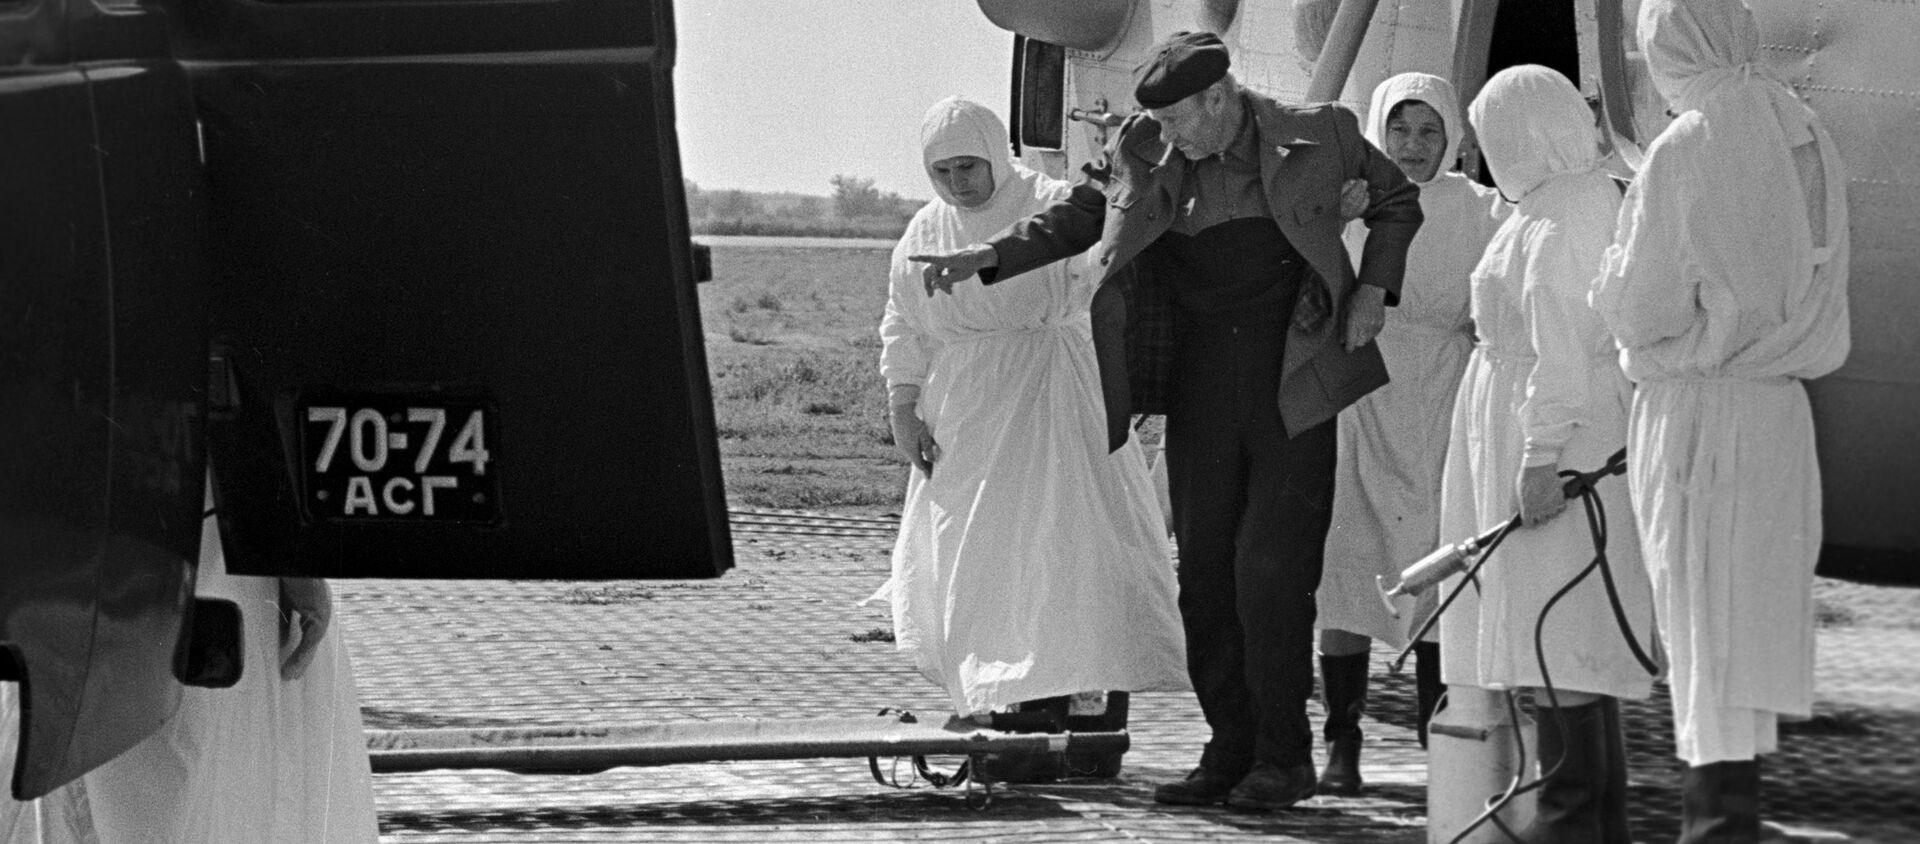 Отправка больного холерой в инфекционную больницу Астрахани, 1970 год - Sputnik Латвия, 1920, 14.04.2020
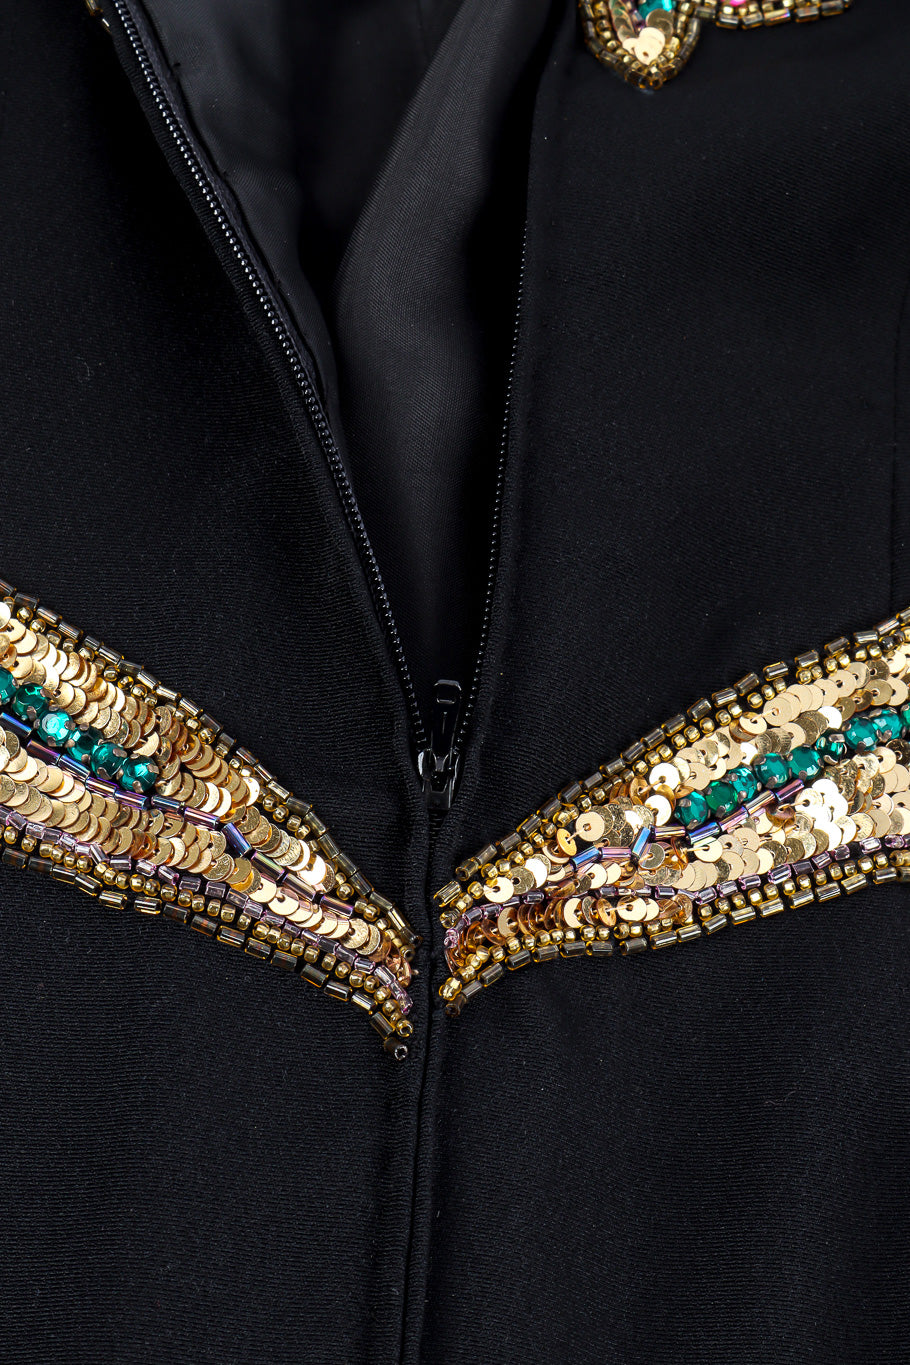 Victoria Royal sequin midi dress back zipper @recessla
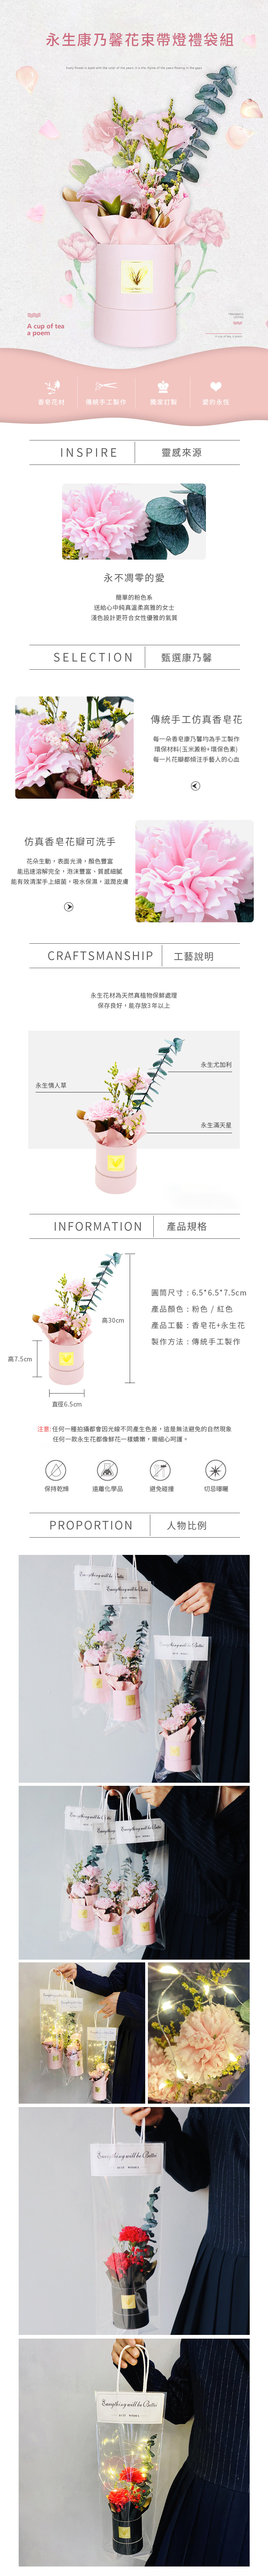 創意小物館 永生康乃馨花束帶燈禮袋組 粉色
◆ ◆ ◆ ◆ ◆ ◆ ◆
**Aim of the exercise**
From the first line to the last, output the data exactly, without the pictures.

**Solution to the exercise**
 Отправка больного холерой в инфекционную больницу Астрахани, 1970 год - Sputnik Латвия, 1920, 14.04.2020
 Victoria Royal sequin midi dress back zipper @recessla
 創意小物館 永生康乃馨花束帶燈禮袋組 粉色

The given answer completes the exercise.